Don’t ask me why I was thinking about this in the shower. I thought it would be interesting to compare the average distributions of 1s and 0s in manmade usages of binary to natural occurences. I have a feeling it will be very near to 50% for computer code, but who knows until you do an actual count. The only natural occurence I know off the top of my head are electrochemical impulses used in neural communication, but there are bound to be lots more.
Maybe no one has ever measured this because it’s pretty useless information itself =)
If you’re only studying binary integers, then 1’s are going to have a slight advantage since every binary integer other than 0 starts with a 1.
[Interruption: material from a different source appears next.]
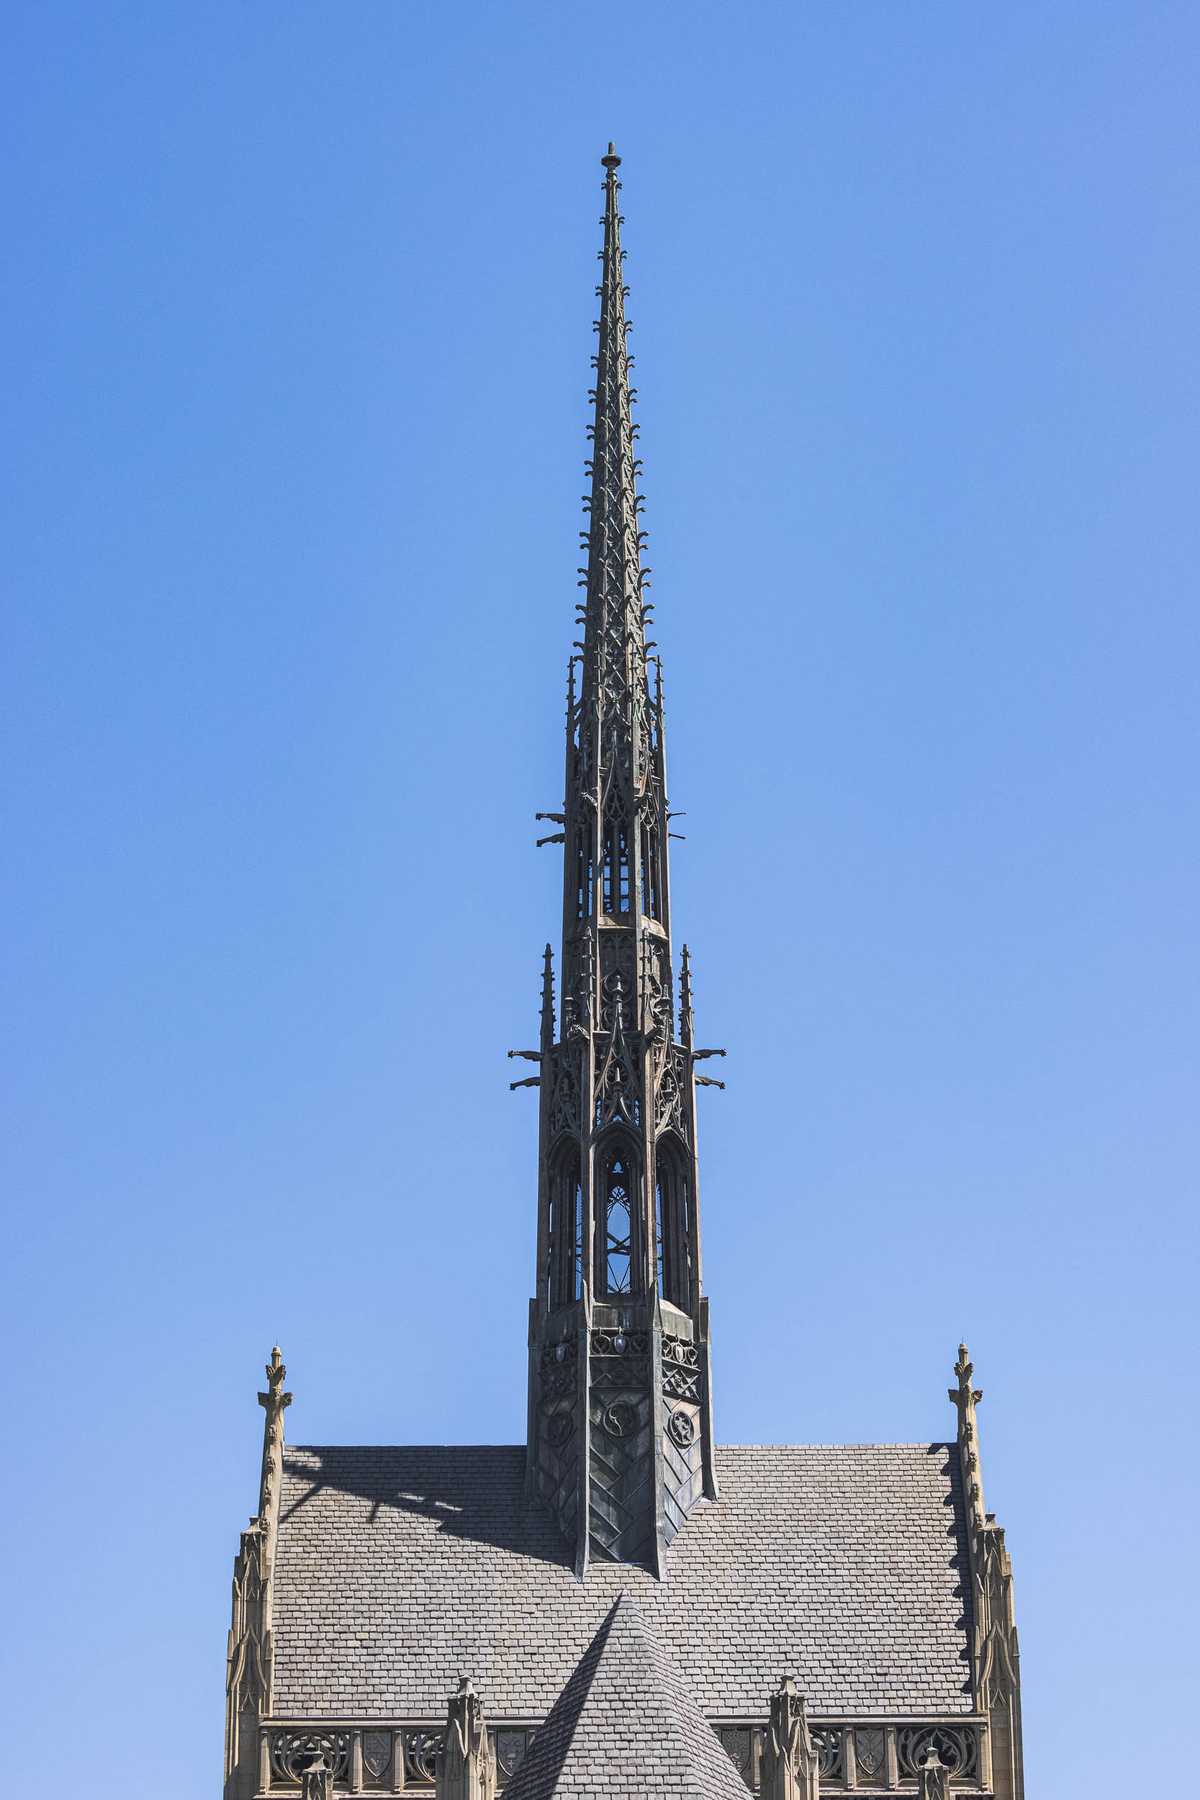 The spire of Heinz Chapel

Beyond that, my gut instinct is that you’re correct: the distribution amonst numbers which appear in software will be close to 50-50. But there may be surprises. I recently learned about Benford’s law, which says that numbers drawn from “real-life” datasets are much more likely to have 1 as their leading digit than any other digit, no matter what the base. Roughly, this is because “real-life” numbers aren’t random: they’re much more likely to be products of other numbers, which skews the distribution. Benford’s law only talks about the leading digit, so it doesn’t have anything to say about base two numbers (other than providing another argument as to why binary is an excellent choice of base for floating-point arithmetic) but I wouldn’t be surprised to learn that there are other similar effects on the distribution of trailing digits.
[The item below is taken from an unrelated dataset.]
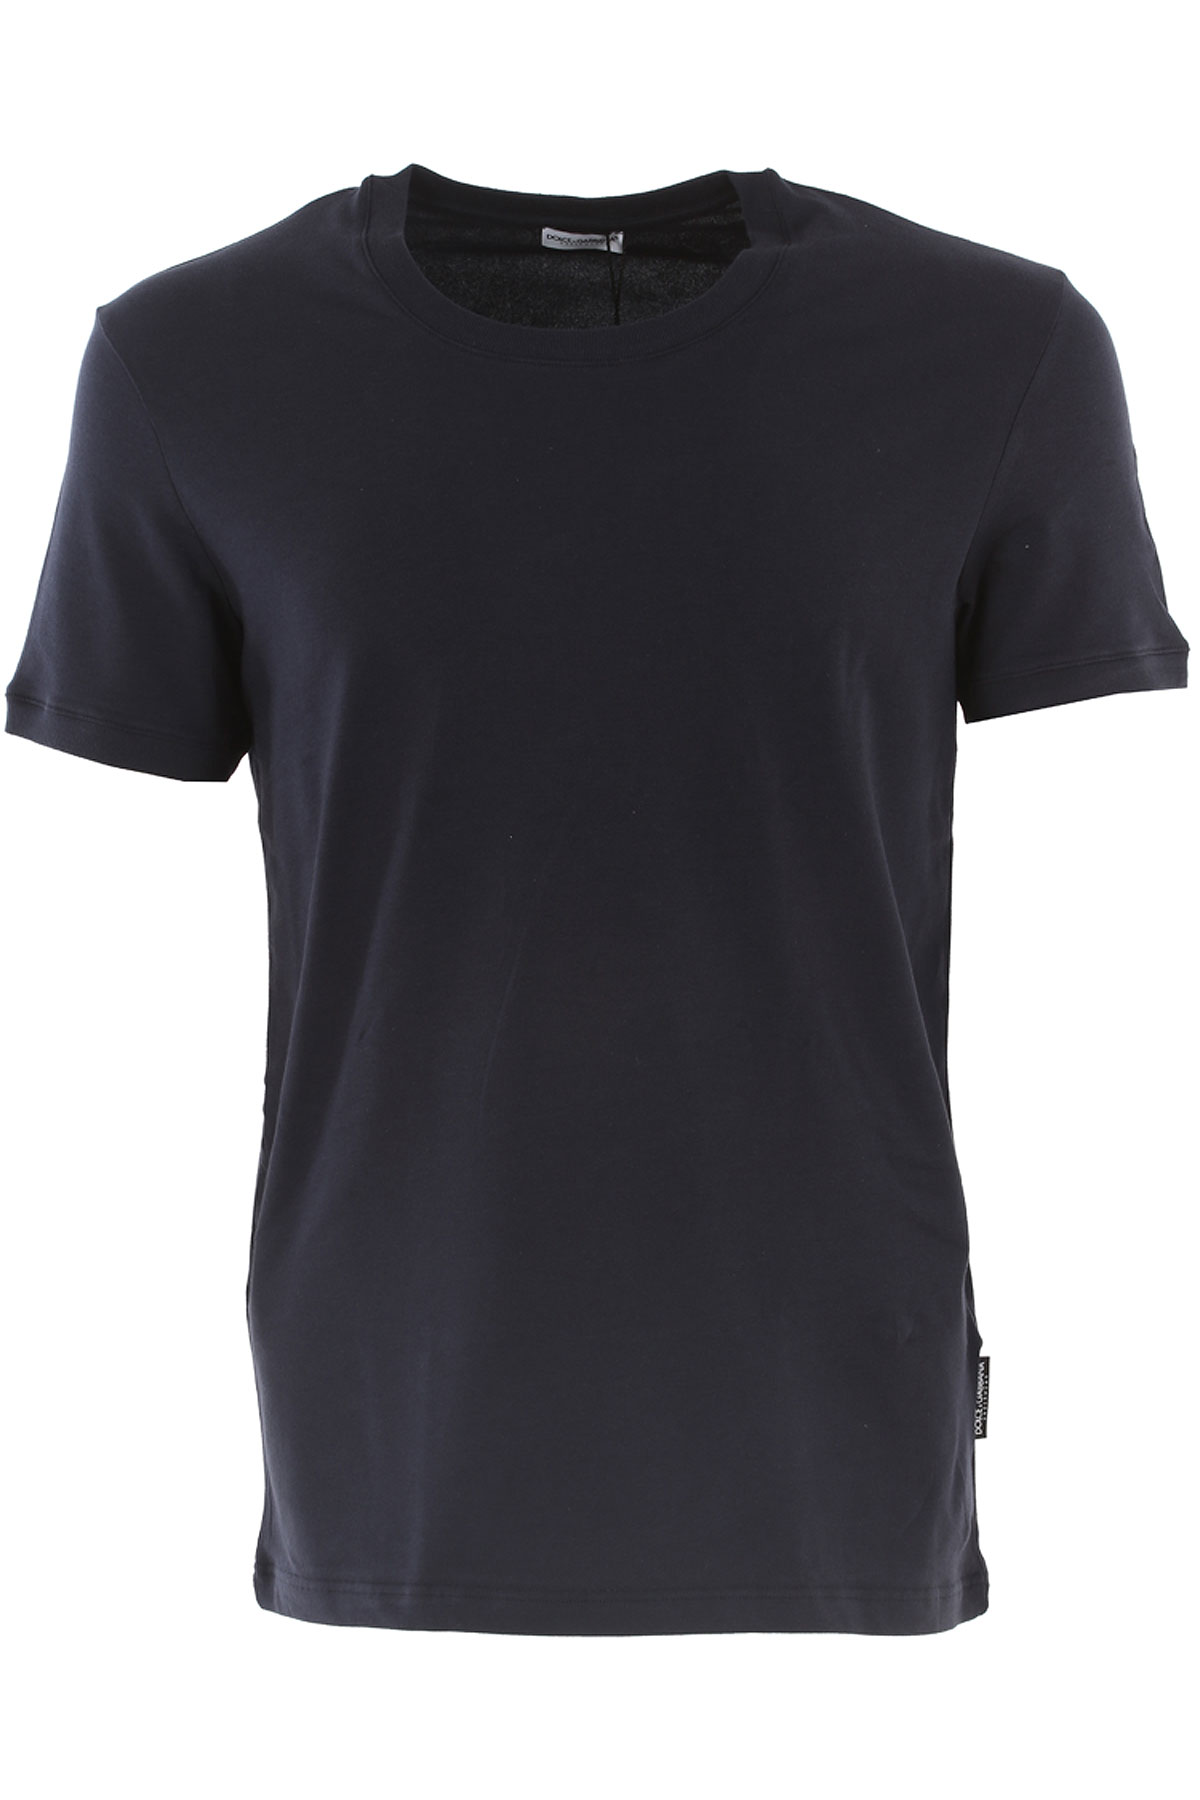 Dolce & Gabbana T-shirt Homme, Bleu marine, Coton, 2017, S XL

Orbifold, you brought up exactly what I was thinking of when I read this thread. Of course, in the Benford probabilities 1 shows up as the first digit every time, but that doesn’t help much with other places. For what it’s worth, in a base-3 system 1 shows up as the first digfit about 2/3 of the time. In our base-10 system it showes up just under 1/3 of the time as the first digit (30.1%)
In a computer situation where memory is allocated in bytes, binary numbers would appear left-padded with zeros to fill the byte. That is, if an integer is a 4-byte value, it’s going to be a 32-digit binary number regardless of value, so even if the value is 1 (binary 1), that’s 31 zeros and a single one. If you’re going to do statistics on the frequency of zeros and ones, you’d have to start out by saying whether you’re going to ignore leading zeros or not.
There would be a bias for leading ones even if the numbers aren’t determined as a product. If you assume that most “natural” numbers are drawn from some uniform distribution starting at 1 (or 0), then you’ll also see a bias towards leading ones. For instance, if you have a distribution from 1 to 999, you’ll get about the same amount of each leading digit. But if you have a distribution from 1 to 500, you’ll see many more 1s, 2s, 3s, and 4s than you will 5s, 6s, 7s, 8s, or 9s. In a distribution from 1 to 300, everything will be penalized except for 1s and 2s, and from 1 to 200, over half of your numbers (111 choices out of 200) will start with 1. One is the only digit which can never be penalized in this way, no matter what your distribution: At worst, it’ll be just as likely as any other.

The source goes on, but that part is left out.